AI Article Synopsis

  • This study investigates the effectiveness of distal femoral triangle and distal adductor canal block techniques for knee surgeries, focusing on their impact on the sciatic nerve.
  • The research involved 18 human cadavers receiving ultrasound-guided injections, with the spread of anesthetic tracked using CT imaging.
  • Findings showed that while the injectate rarely reached the sciatic nerve or its main branches, it frequently affected the saphenous nerve, suggesting these techniques don't significantly block sciatic nerve function despite some injectate reaching the popliteal fossa.

Article Abstract

Introduction: Low and high volume mid-thigh (ie, distal femoral triangle) and distal adductor canal block approaches are frequently applied for knee surgical procedures. Although these techniques aim to contain the injectate within the adductor canal, spillage into the popliteal fossa has been reported. While in theory this could improve analgesia, it might also result in motor blockade due to coverage of motor branches of the sciatic nerve. This radiological cadaveric study, therefore, investigated the incidence of coverage of sciatic nerve divisions after various adductor canal block techniques.

Methods: Eighteen fresh, unfrozen and unembalmed human cadavers were randomized to receive ultrasound-guided distal femoral triangle or distal adductor canal injections, with 2 mL or 30 mL injectate volume, on both sides (36 blocks in total). The injectate was a 1:10 dilution of contrast medium in local anesthetic. Injectate spread was assessed using whole-body CT with reconstructions in axial, sagittal and coronal planes.

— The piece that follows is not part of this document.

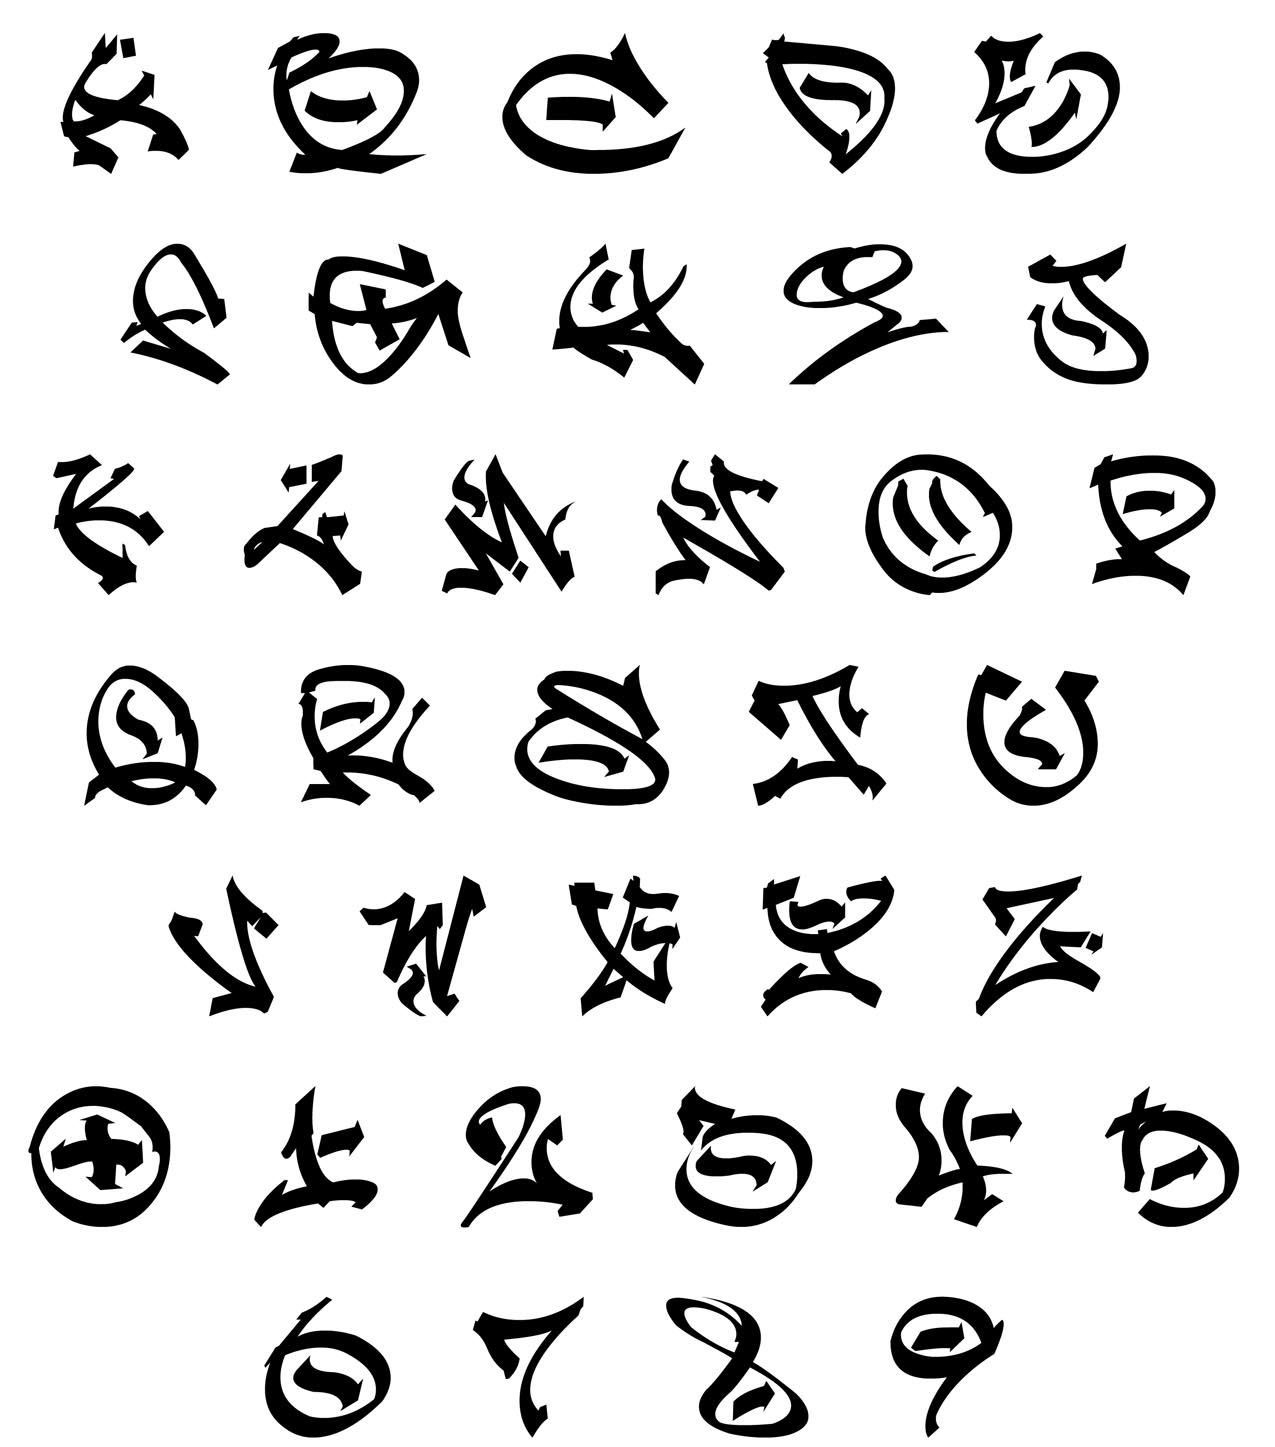 символы и шрифты для ников пабг фото 6

Results: No coverage of the sciatic nerve or its main divisions was found. The contrast mixture spread to the popliteal fossa in three of 36 nerve blocks. Contrast reached the saphenous nerve after all injections, whereas the femoral nerve was always spared.

Conclusions: Adductor canal block techniques are unlikely, even when using larger volumes, to block the sciatic nerve, or its main branches. Furthermore, injectate reached the popliteal fossa in a small minority of cases, yet if a clinical analgesic effect is achieved by this mechanism is still unknown.